◆ Task instructions
Exactly the lines below from the one with "Amazing Panda Set" up to and including the one with "UV Dry long sleeve cardigan (Ikaku)" make up the answer, with nothing else added.

◆ Supplied material
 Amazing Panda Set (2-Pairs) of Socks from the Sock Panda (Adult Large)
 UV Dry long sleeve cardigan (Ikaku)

---

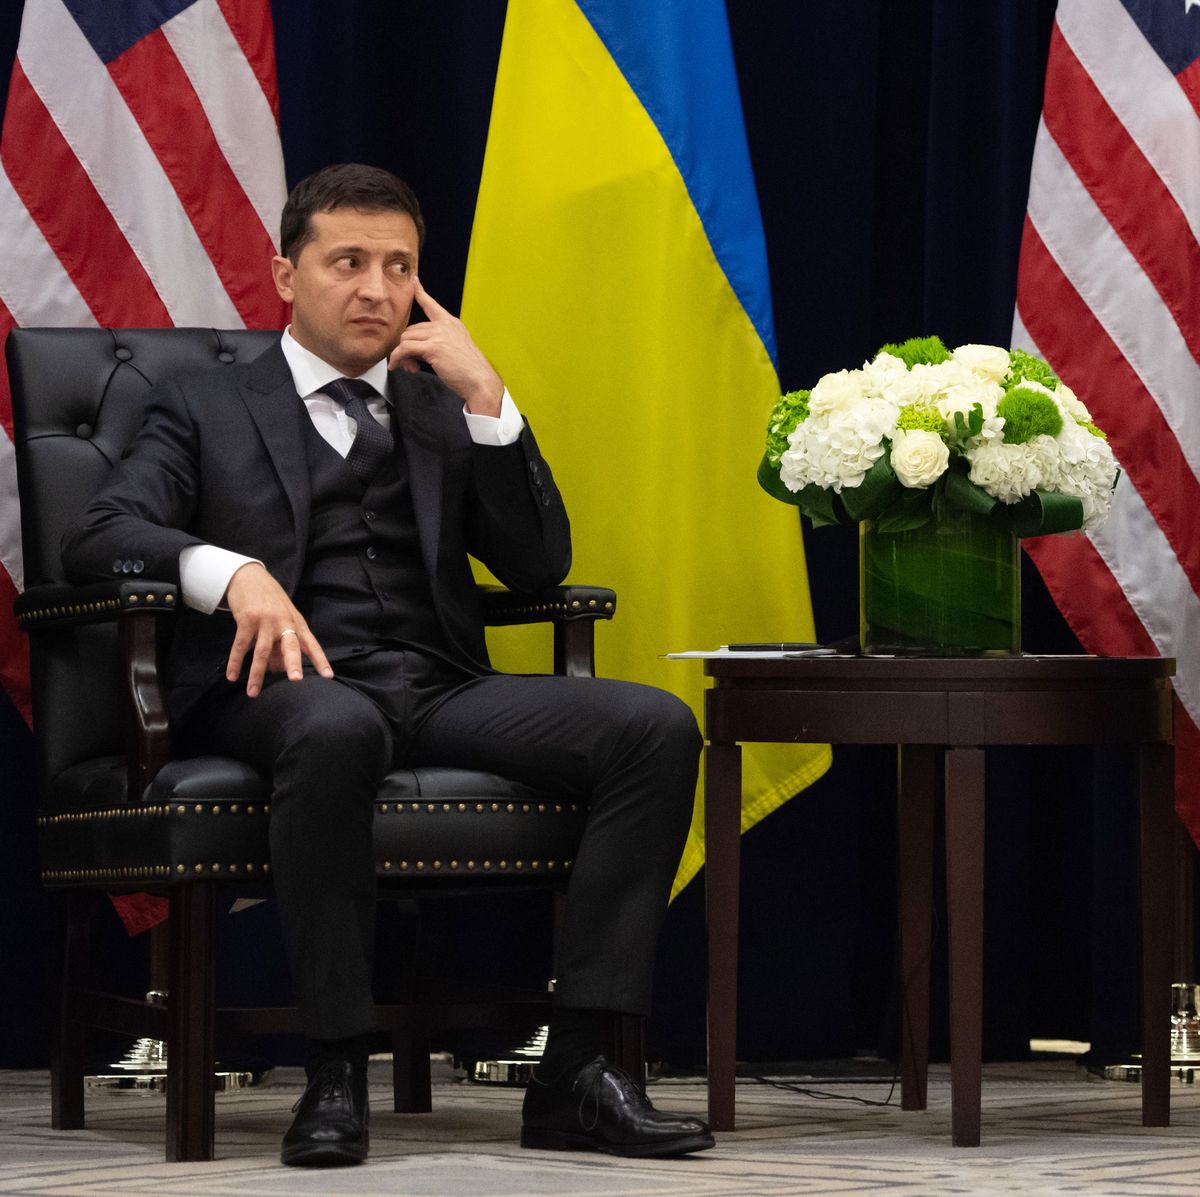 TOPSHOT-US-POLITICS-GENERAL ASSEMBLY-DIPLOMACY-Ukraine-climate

--

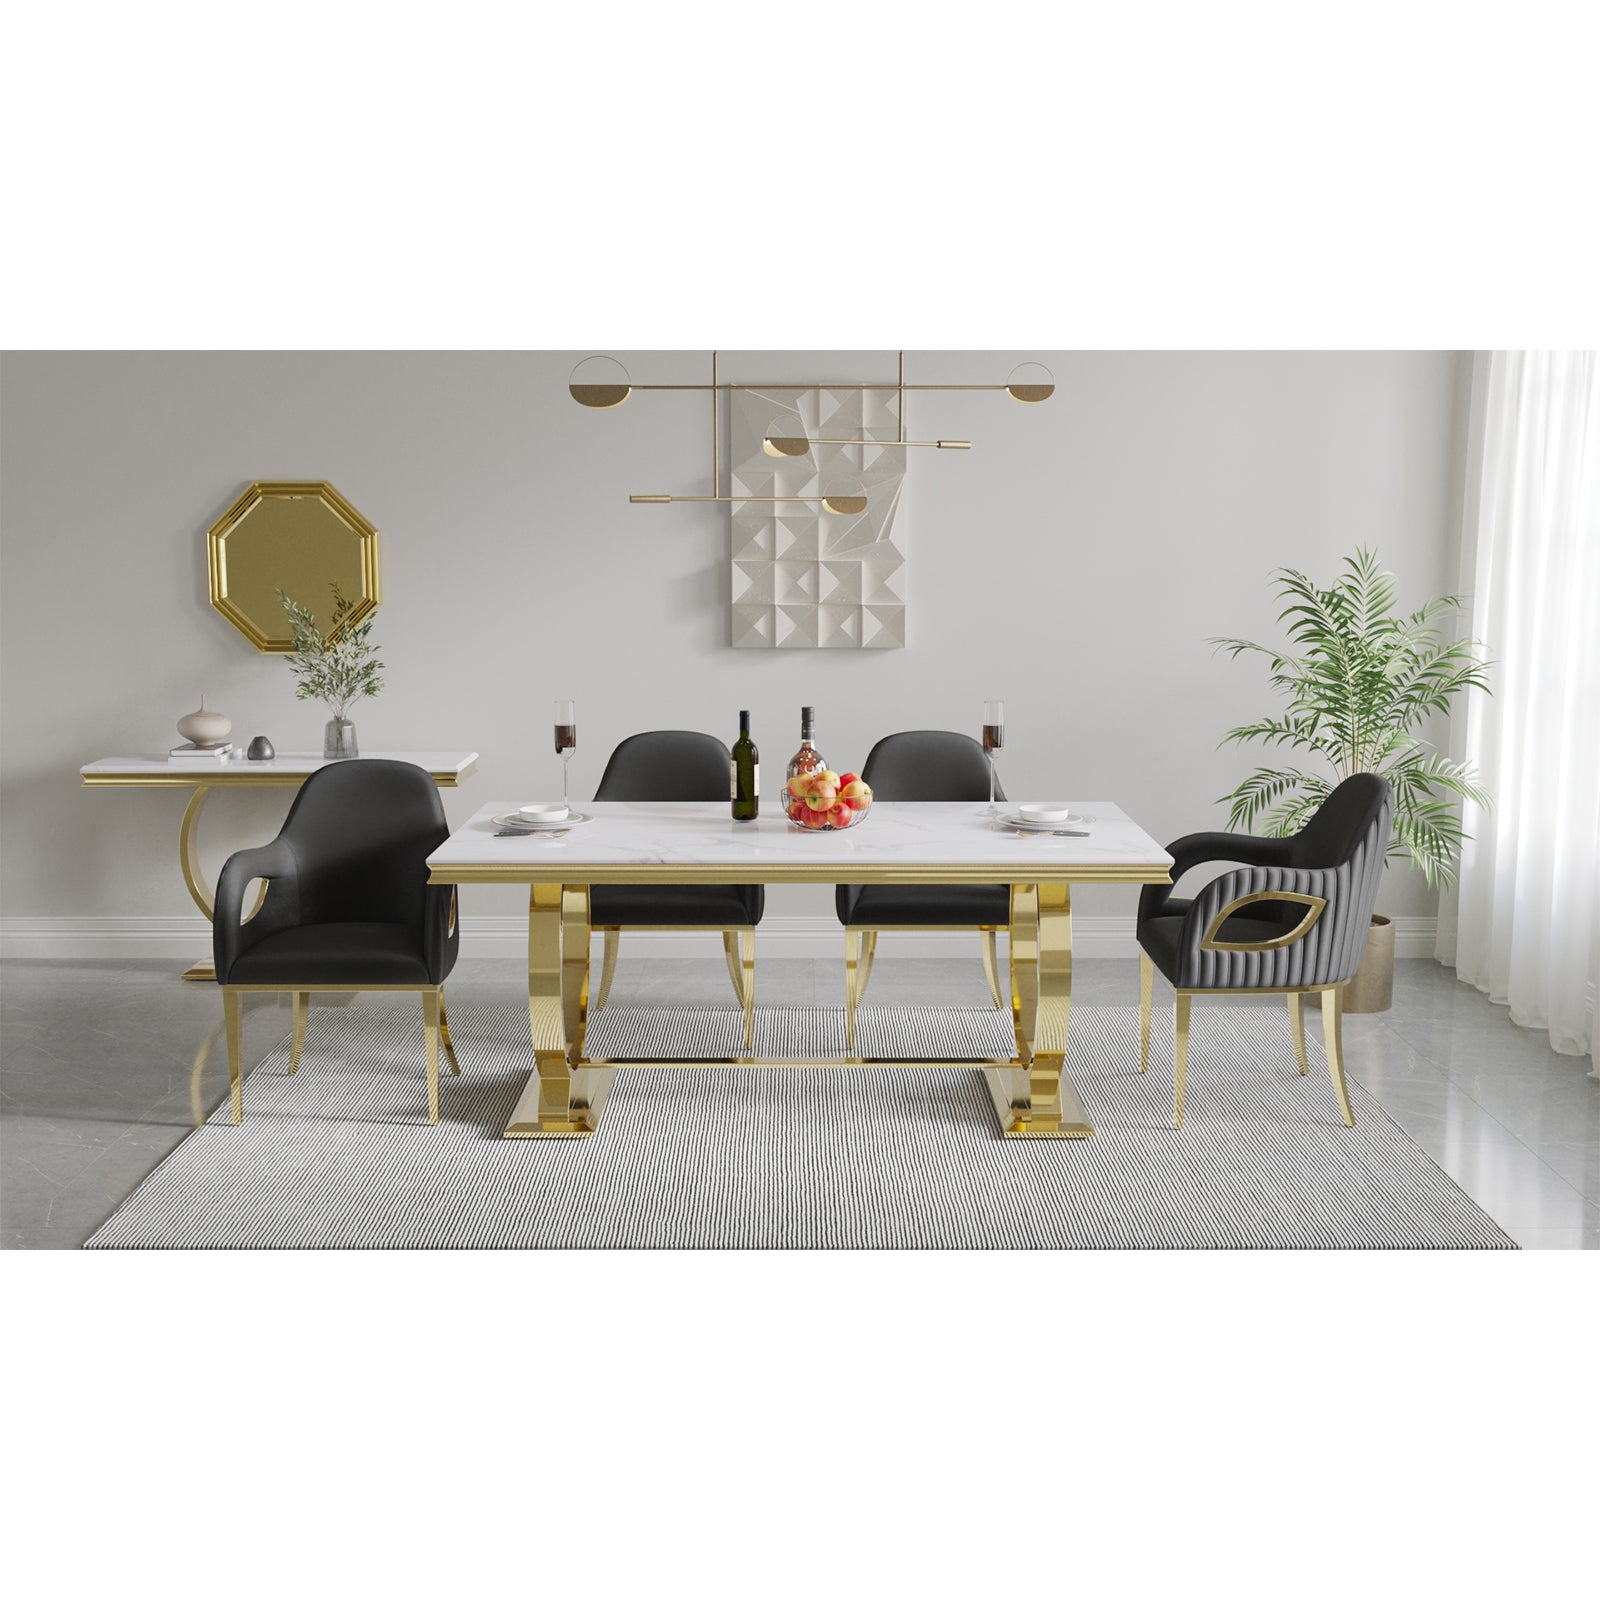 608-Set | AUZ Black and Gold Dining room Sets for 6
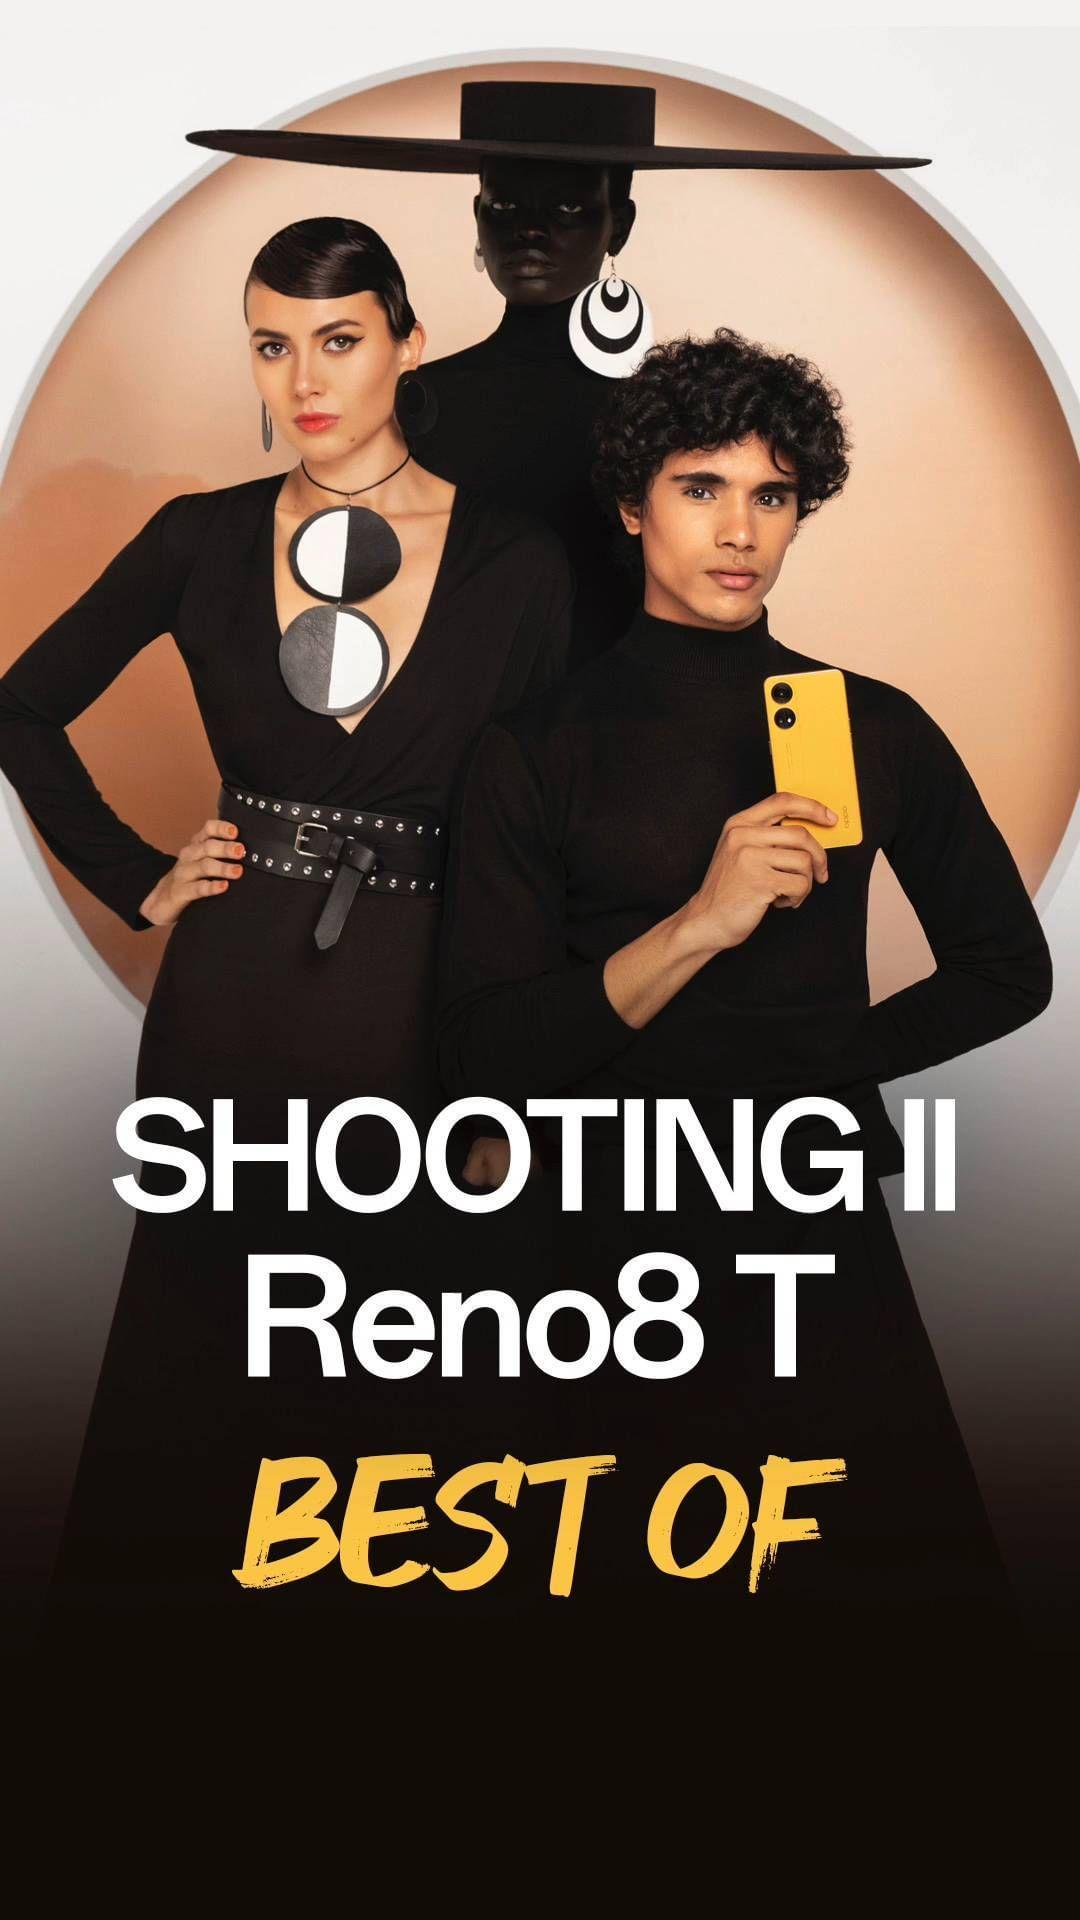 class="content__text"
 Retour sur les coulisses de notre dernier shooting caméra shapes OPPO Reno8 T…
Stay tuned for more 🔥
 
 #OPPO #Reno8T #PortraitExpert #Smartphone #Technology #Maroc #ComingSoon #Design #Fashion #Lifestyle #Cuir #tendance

◆ Exercise answer
 Amazing Panda Set (2-Pairs) of Socks from the Sock Panda (Adult Large)
 UV Dry long sleeve cardigan (Ikaku)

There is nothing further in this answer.